Chance News 7
Sept 26 2005 to Oct 15 2005
quotation
While writing my book [Stochastic Processes] I had an argument with Feller [Introuction to Probability Theory and its Applications]. He asserted that everyone said "random variable" and I asserted that everyone said "chance variable." We obviously had to use the same name in our books, so we decided the issue by a stochastic procedure. That is, we tossed for it and he won.
Joe Doob
Statistical Science
Forsooth
Peter Winkler suggested our first forsooth.
Texas beats Ohio State in their opening game
of the season (Saturday Sept 10 2002). The sportscasters (legendary Brent Musburger on play-by-play or Gary Danielson on analysis) observed that of the 14 teams who have previously played in the championship game (at the end of each season) 5 have suffered an earlier defeat. "Thus," they conclude, "Ohio State can still make it to the championship game, but their chances are now less
than 50%."
Discussion
What is wrong with this?
Here are two forsooths from a recent issue of RSS NEWS
Waiting time for foot surgery down by 500%
Evening News (Edinburgh
5 July 2004
'Big ticket quiz' at the start of Wimbledon:
Q. How many punnets of strawberries are eaten each day during the Wimbledone tournament?
Is it (a) over 8,000, (b) over 9,000 or (c) over 10,000?
BBC radio 5
20 June 2005
Waiting time for foot surgery down by 500%
Fortune's Formula
Fortune's Formula: Wanna Bet?
New York Times Book Section, September 25, 2005
David Pogue
This must be the kind of review that every Science writer dreams of. Pogue ends his review with:
"Fortune's Formula" may be the world's first history book, gambling primer, mathematics text, economics manual, personal finance guide and joke book in a single volume. Poundstone comes across like the best college professor you ever had, someone who can turn almost any technical topic into an entertaining and zesty lecture. But every now and then, you can't help wishing there were some teaching assistants on hand to help.
More Later!
Which foods prevent cancer?
Which of these foods will stop cancer? (Not so fast)
New York Times, 27 September 2005, Sect. F, p. 1
Gina Kolata
Among other examples, the article includes a data graphic on purported benefits of dietary fiber in preventing colorectal cancer. Early observational studies indicated an association, but subsequent randomized experiments found no effect.
More to follow.
Slices of risk and the broken heart concept
How a Formula Ignited Market That Burned Some Big Investors,
Mark Whitehouse, The Wall Street Journal, September 12, 2005.
This article relates how a statistician, David Li, unknown outside a small coterie of finance theorists, helped change the world of investing.
The article focuses on a event last May when General Motors Corp.'s debt was downgraded to junk status, causing turmoil in some financial markets. The article gives a nice summary of the underlying financial instruments known as credit derivatives - investment contracts structured so their value depends on the behavior of some other thing or event - with exotic names like collateralized debt obligations and credit-default swaps.
The critical step is to estimate the likelihood that many of the companies in a pool companies would go bust at once. For instance, if the companies were all in closely related industries, such as auto-parts suppliers, they might fall like dominoes after a catastrophic event. Such a pool would have a 'high default correlation'.

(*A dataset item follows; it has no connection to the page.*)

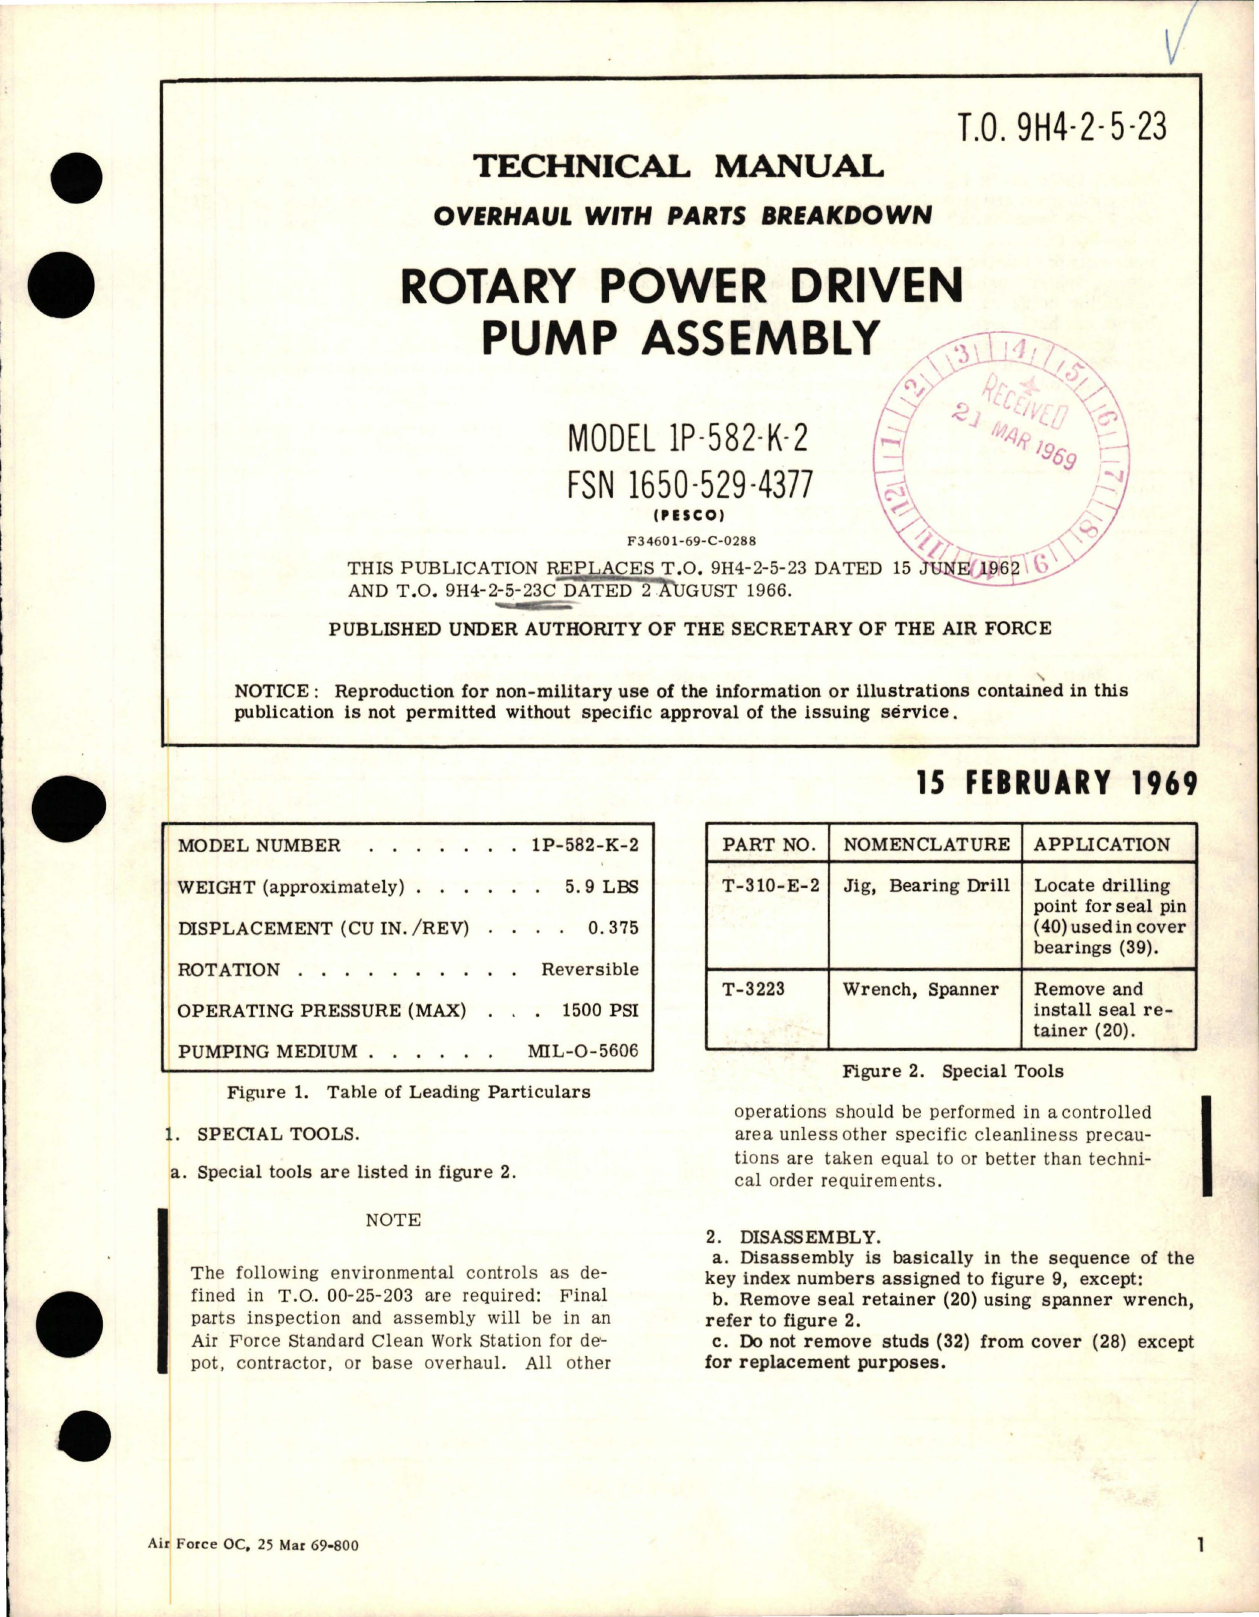 Sample page 1 from AirCorps Library document: Overhaul with Parts Breakdown for Rotary Power Driven Pump Assembly - Model 1P-582-K-2

In 1997, nobody knew how to calculate default correlations with any precision. Mr. Li's solution drew inspiration from a concept in actuarial science known as the broken heart syndrome: People tend to die faster after the death of a beloved spouse. Some of his colleagues from academia were working on a way to predict this death correlation, something quite useful to companies that sell life insurance and joint annuities. He says:
Suddenly I thought that the problem I was trying to solve was exactly like the problem these guys were trying to solve,. Default is like the death of a company, so we should model this the same way we model human life."
This gave him the idea of using copulas: mathematical functions the colleagues had begun applying to actuarial science. Copulas help predict the likelihood of various events occurring when those events depend to some extent on one another. Up until May of this year one of the most popular copulas for bond pools was the Gaussian copula, named after Carl Friedrich Gauss, a 19th-century German statistician.